Dia Menyadarkan Ku

351 26 1
                                    

  Vio berjalan masuk keruang rawat Inap Dio saat ini dengan wajah gembiranya.

  Setelah Satu minggu berada di ruang ICU karena belum juga sadarkan diri, akhirnya Dio sudah sadar dan berada di ruang Rawat Inap.

  Saat Vio masuk ke Ruangan Dio, Dio tengah duduk di atas tempat tidurnya menundukan kepalanya ke bawah memandangi ponselnya sambil menangis tanpa suara.

  "Waaah! guruku ini sudah sadar!" Vio bertepuk tangan bahagia sekali.
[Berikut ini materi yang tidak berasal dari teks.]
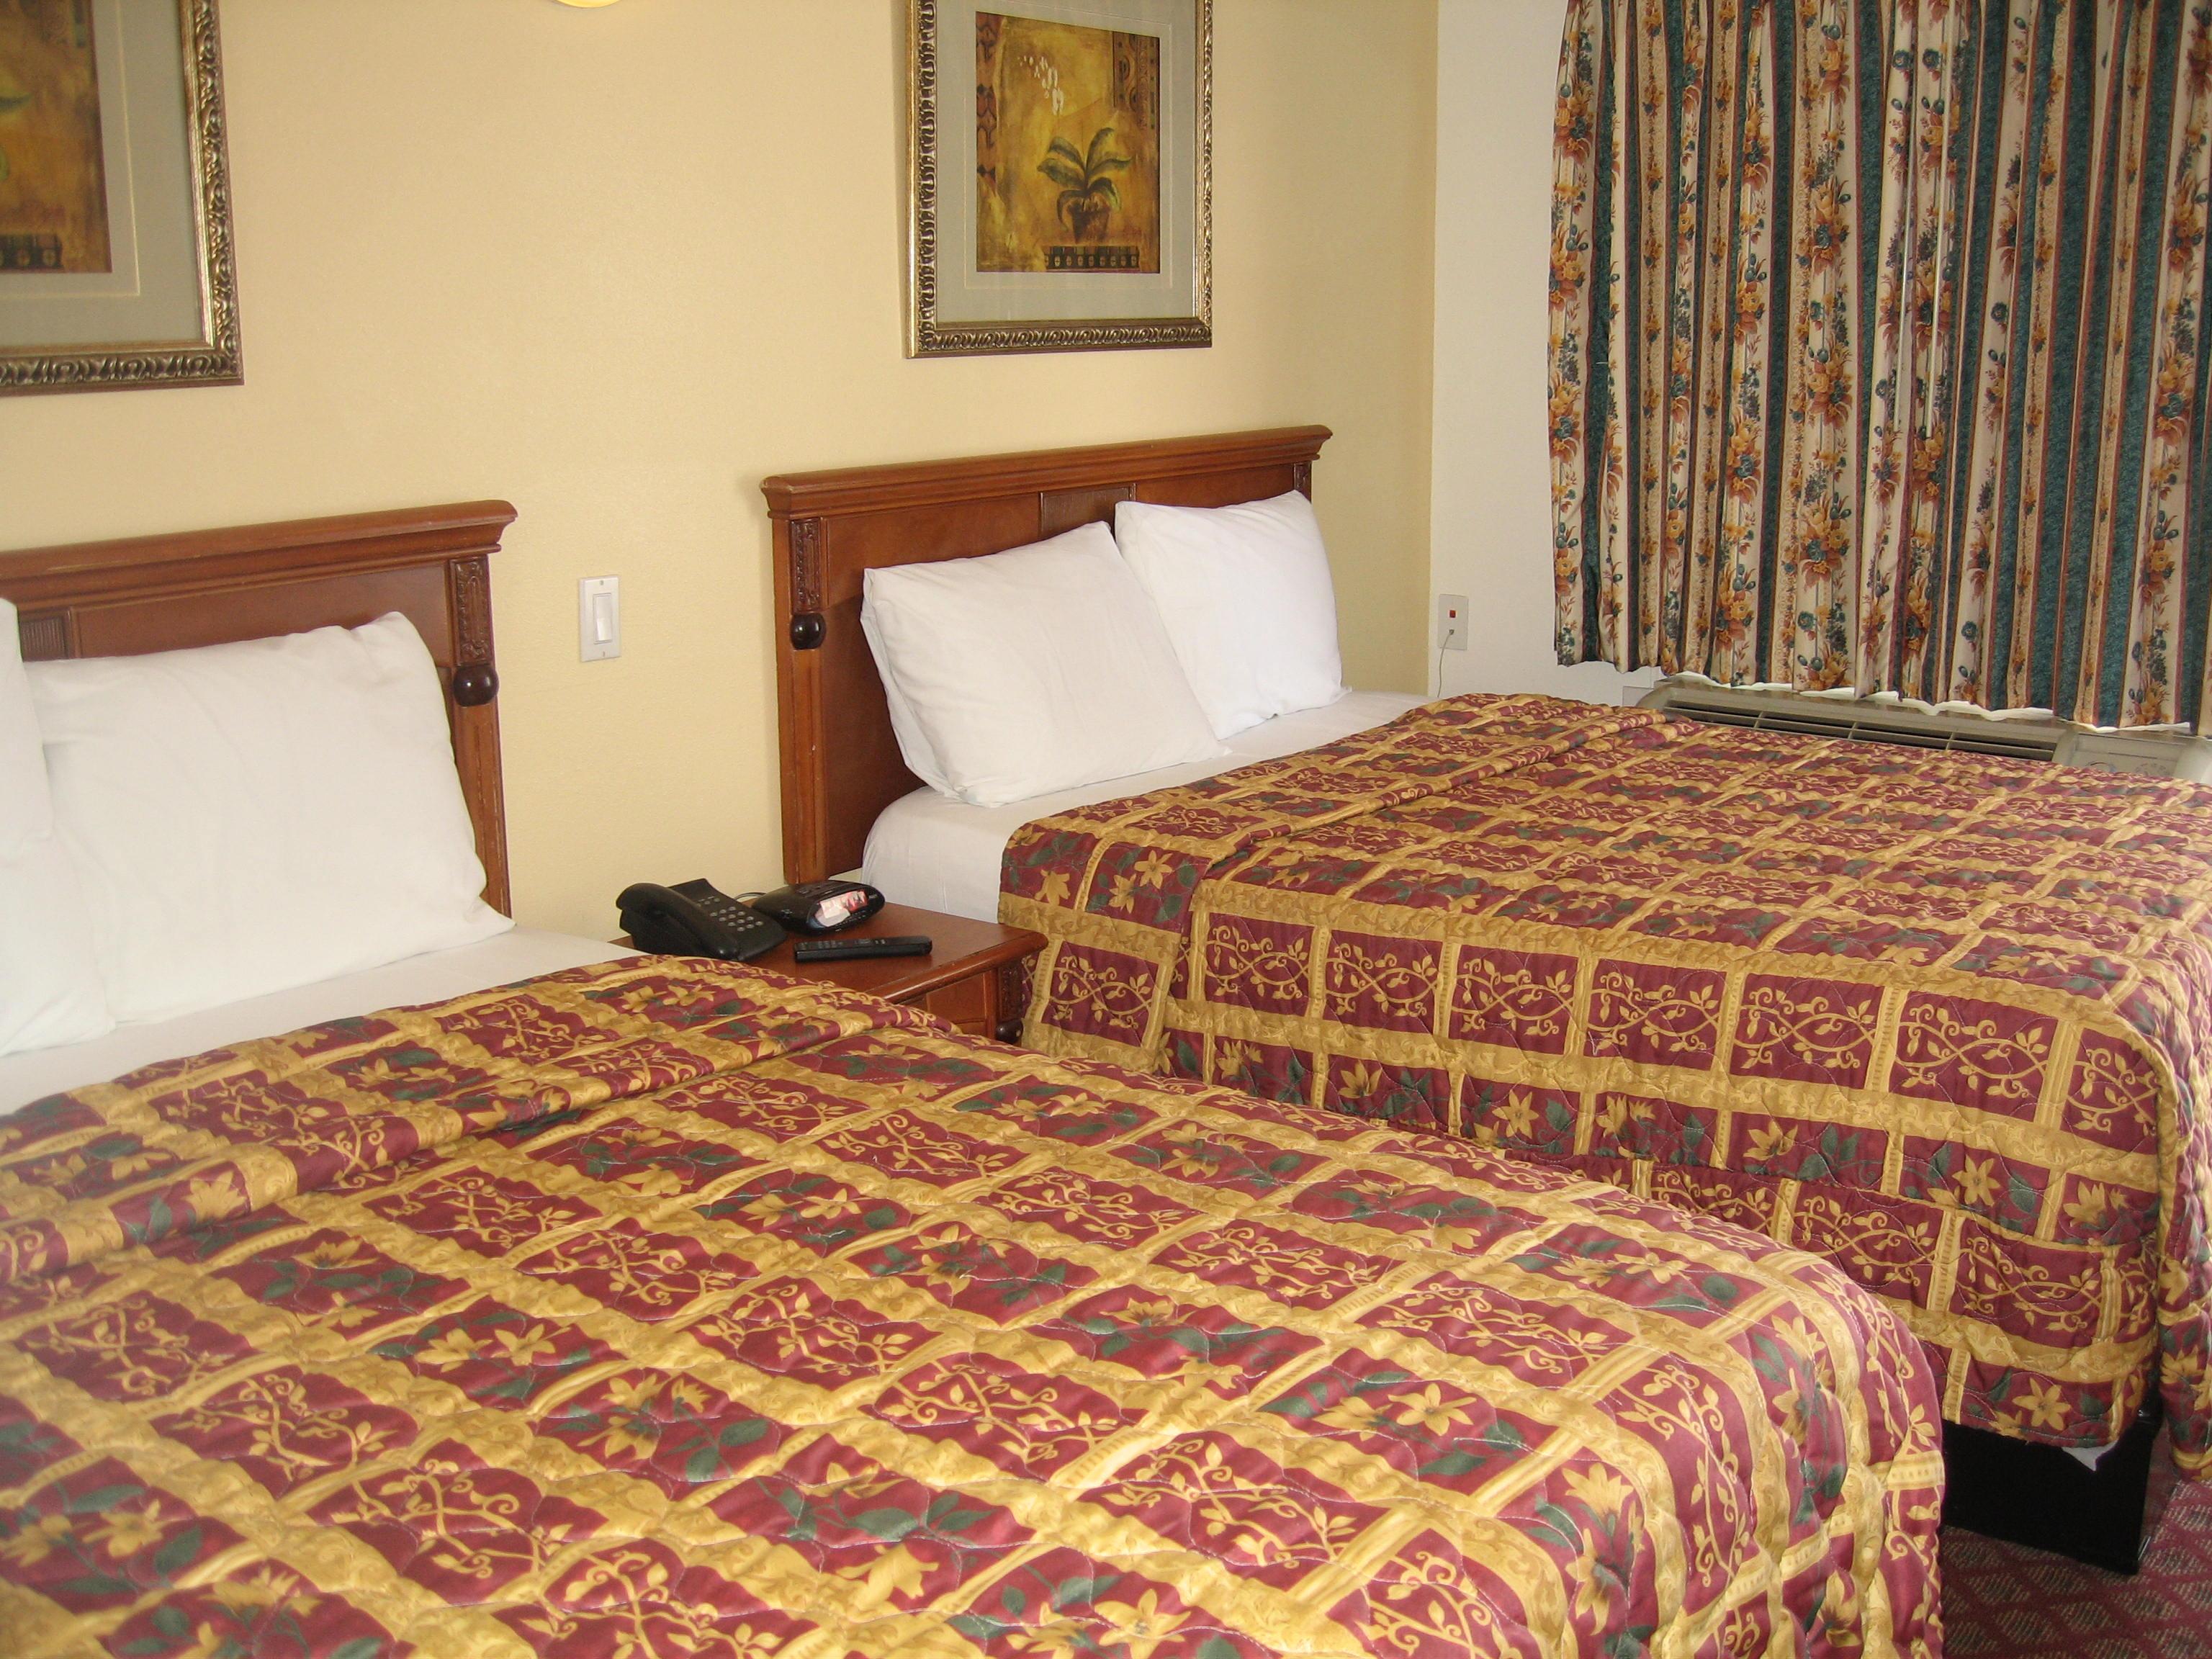 New Motel Pic 029_20140925-08092835.jpg

  Dio menatap kearah Vio di ambang pintu dengan tatapan dinginya. Dia juga menyeka air matanya.

  "Lo ngapain disini?" Dio masih menundukan kepalanya,enggan menatap Vio.
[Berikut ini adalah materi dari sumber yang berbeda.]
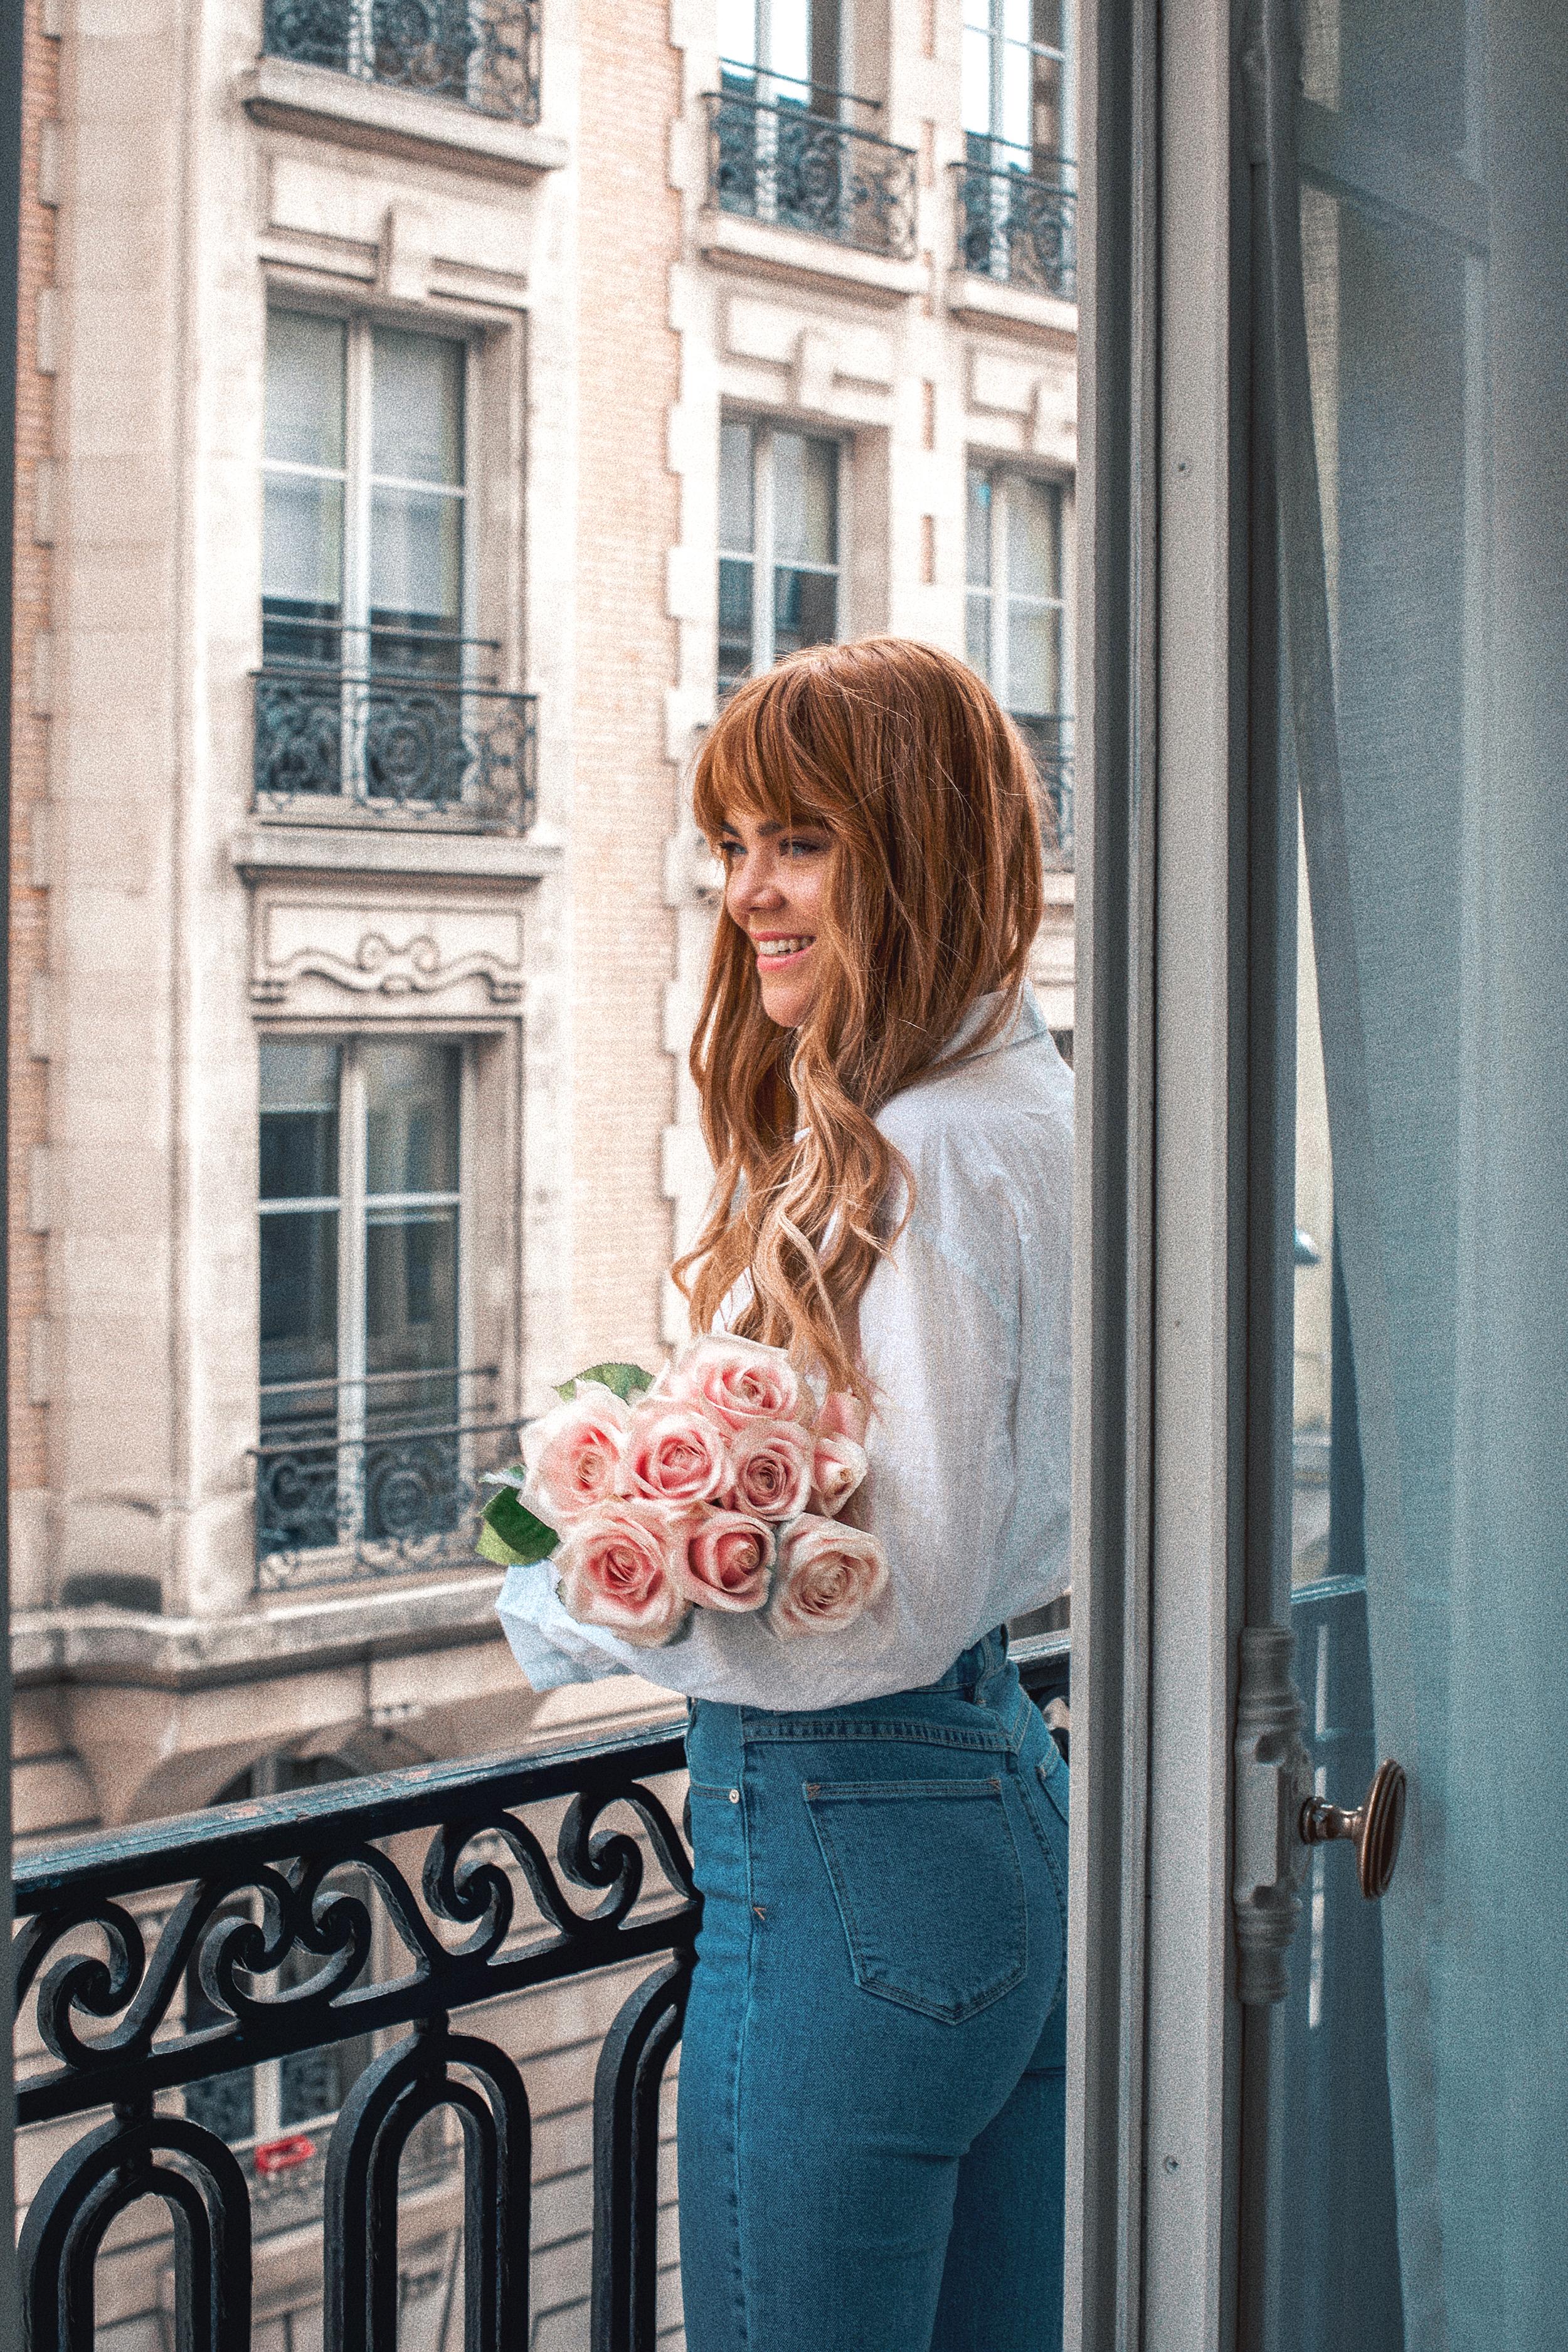 paris-hotel-balcony-romance-pink-roses_2.jpg

  "Kan gua nungguin guru gua sadar! Gua ini bukan murid yang lupa diri loh, berkat guru gua ini, ulangan harian IPS gua dapet 75! Jreng-jreng!" Vio menunjukan kertas ulangan IPSnya kehadapan Dio.
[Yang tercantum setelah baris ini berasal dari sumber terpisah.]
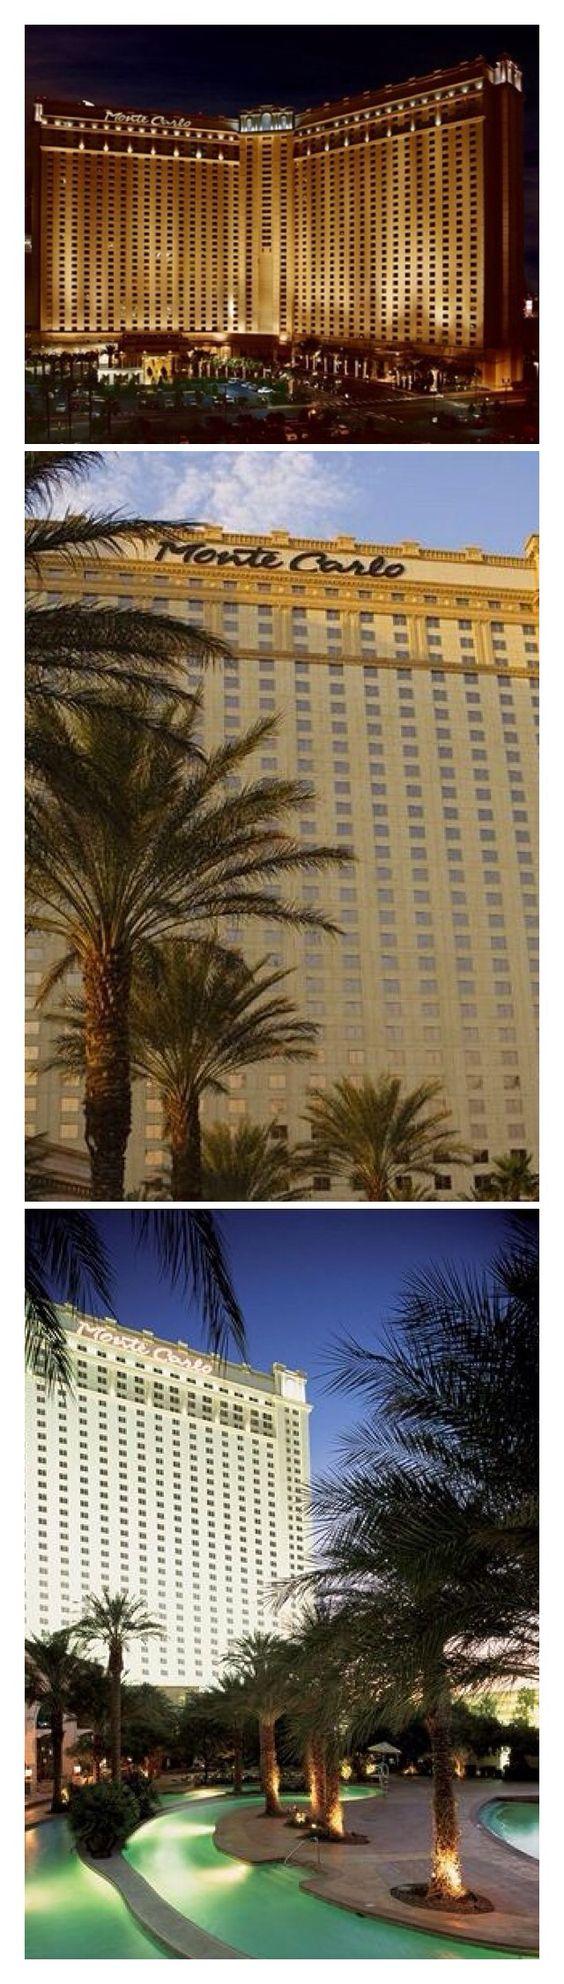 The Monte Carlo - Las Vegas

  "Itu pas Kriteria Kuantitas Minimal, sama aja lo Bego. Kok bisa depet 75? ngomong sunan Ampel aja Sunan Apel. Untung bukan Kedondong" Tukas Dio panjang Lebar.

  Vio tertawa mendengarnya. "Iyasih...tapi sebelum lo ngajarin gua, ulangan harian IPS gua 10,20,30,40,50 begitu terus. Thanks" Vio tersenyum ceria.

  "Terserah" Dio kembali menundukan kepalanya ke bawah, memandangi ponselnya.

  "Oh iya gua lupa..." Vio berpikir sejenak.

  "Lo Overdosis obat Antidepresan! emang lo depresi kenapa? Gua liat hidup lo bahagia aja" Vio bertanya dengan wajah penasaran.

  "Udah gua bilang gak ada kehidupan yang bahagia terus! gua juga punya masalah, lo pikir gua apaan? People Happy Everytime?" Tukas Dio marah.

  "Padahal kalau punya masalah kenapa harus minum obat gituan..." ucap Vio tertawa kecil.

  "Lo gak paham" Dio kembali menundukan kepalanya ke bawah.

  "Apa yang gak gua paham? Obat yang lo minum sampai Overdosis, cuma buat menenangkan pikiran lo kan? Lo itu cowo bego yang lari dari masalah! Dan begonya lo bunuh diri pake obat-obatan!"

  Vio sudah melihat Dio yang meneteskan air matanya di pakaian rumah sakitnya.

  "Dio..." lirih Vio pelan sambil menatapi tangisan Dio.

  "Lo gak akan paham. Apa lo pernah rasain gimana hidup lo tanpa Ibu? Apa pernah lo Jalanin hidup menjadi orang lain? Supaya lo terlihat baik-baik aja di depan mereka semua?! Apa lo pernah kehilangan orang-orang yang lo cintai?!"

  Dio meluapkan tangisan, amarahnya di depan Vio yang berdiri di depanya.

  "Lo gak pernah tau kan?! Makanya jangan ceramahin gua lagi!" Dio menatap Vio penuh kekesalan.

  "Berhenti untuk sok paham sama apa yang gua rasain!" Dio menundukan kepalanya ke bawah, menangis sebisa mungkin tanpa suara.

  Vio tersenyum, lalu tangan Vio meraih dagu Dio. Mengangkat wajah Dio untuk sejajar dengan wajahnya.

  Vio tersenyum pada Dio yang menangis menatapnya penuh kehancuran.

  "Karena lo selalu melihat ke bawah, dan menangisi masalalu lo bakal terjebak. Berusaha lah untuk keluar dari masalalu! Lo pasti Bisa!"
 
  Vio yang masih memegang dagu Dio tersenyum, meyakinkan Dio. Dio menatap wajah ceria Vio di depanya.

  "Kalau tidak bisa melakukanya sepenuhnya, jangan maksain diri! Perlahan juga gak papa kok" Vio tertawa kecil menatap Dio.

  "Lo gak akan hidup jika terus menangis dan menyesali masalalu. Nikmatilah waktu yang lo punya saat ini! Karena lo gak tau sampai kapan lo hidup. Ayo semangatlah Guru!" Vio tersenyum gembira, masih memegang dagu Dion.